Symmedian Simplicity

The Symmmedian point $X_6$ is the isogonal conjugate of the centroid $G$ of the triangle. Suppose that $\angle BAC = \theta$ , so that $A,B,C$ have coordinates $A\; (-1,0) \hspace{1.5cm} B\; (1,0) \hspace{1.5cm} C\;(\cos2\theta,\sin2\theta)$

If $CF$ is the symmedian of $ABC$ corresponding to the median $CO$ then, since $\angle OCA = \theta$ , we deduce that $\angle FCB = \theta$ , which implies that triangle $CFB$ is right-angled, with $\angle CFB = 90^\circ$ .

Now let $AD$ be the symmedian corresponding to the median $AM_A$ , and let $\angle M_AAC = \alpha$ , so that $\tan\alpha = \tfrac{\sin\theta}{2\cos\theta} = \tfrac12\tan\theta$ . But then $\angle DAB = \alpha$ , and hence $X_6F \; = \; AF\tan\alpha \; = \; (\cos2\theta + 1) \times \tfrac12\tan\theta \; = \; \sin\theta\cos\theta \; = \; \tfrac12\sin2\theta$ which means that $X_6$ has coordinates $\big(\cos2\theta,\tfrac12\sin2\theta\big)$ , and hence the locus of $X_6$ is the ellipse $x^2 + 4y^2 \; = \; 1$ which has semimajor axis $a=1$ and semiminor axis $b=\tfrac12$ . Thus the area of the enclosed region is $\pi ab \; = \; \tfrac12\pi$ which makes the answer $1 + 2 = 3$ .
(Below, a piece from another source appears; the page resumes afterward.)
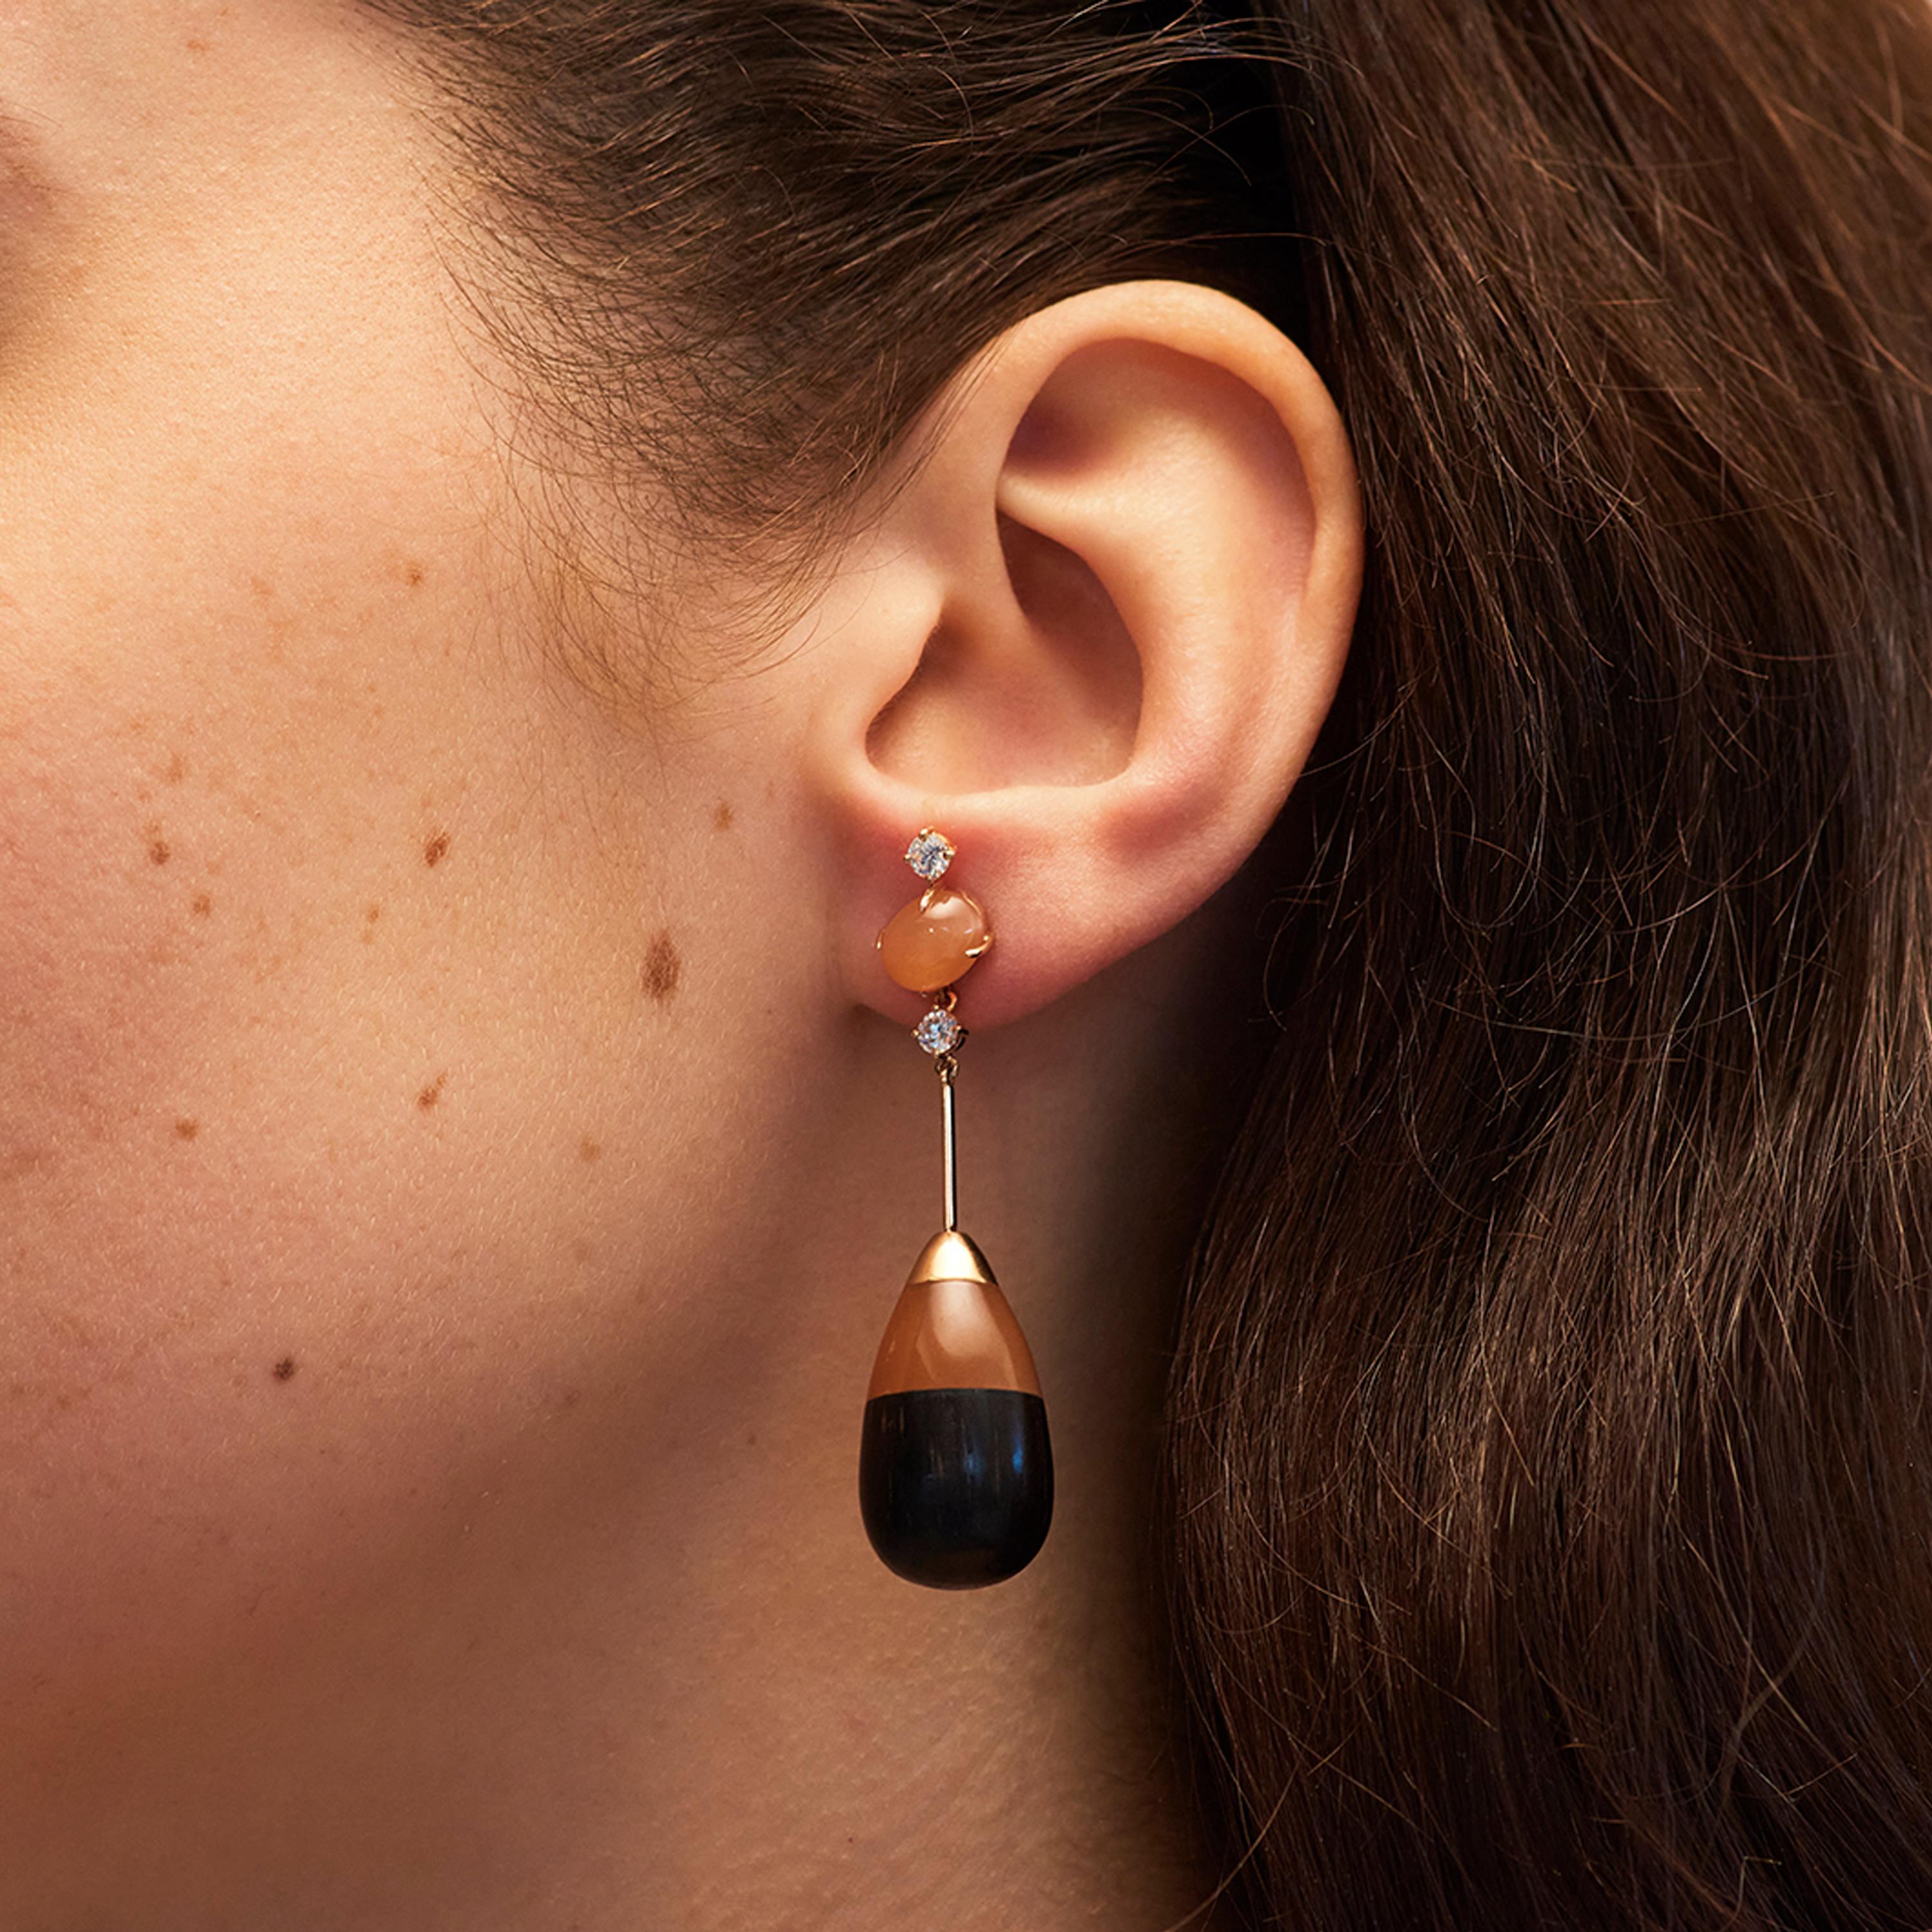 Francesca Villa’s Orange Drop Earrings are crafted from 18 karat rose gold, lacewood, adventurine (45.00ct) and orange sapphires (0.50ct). These earrings celebrate the magnificently talented stone carvers she works with, as well as the beauty found

The Lemoine point of a right angled triangle is the midpoint of its altitude corresponding to the right angle.

Proof:-

Let $ACB$ be a right triangle with $\angle C= 90^{\circ}$ . Let O be the midpoint of AB and F the foot of $\perp$ from $C$ on AB. We have:

$\angle ACO = \angle A = \pi/2 - \angle B = \angle BCF$

$\Rightarrow CF$ and $CO$ are isogonals.

Let $M$ be the midpoint of $CF$ and $M_A$ the midpoint of $BC$ . We have:

$\Delta ACB \sim \Delta AFC$

$\Rightarrow \angle CAM_A = \angle FAM$

$\Rightarrow AM_A$ and $AM$ are isogonals.

$\therefore M$ is the isogonal conjugate of the centroid $G$ , so, $M \equiv X_6$ $\square$

Let $f(x)$ denote the locus of the point $C$ as $x \equiv F$ varies over path $\rho = [A-B-A]$ .

The required area = $\large{\int_\rho |\frac{f(x)}{2} |dx} = \dfrac{\large{\int_\rho} |f(x)|dx}{2} = \dfrac{\text{Area of Circle(r=1)}}{2} = \boxed{\dfrac{\pi}{2}}$ .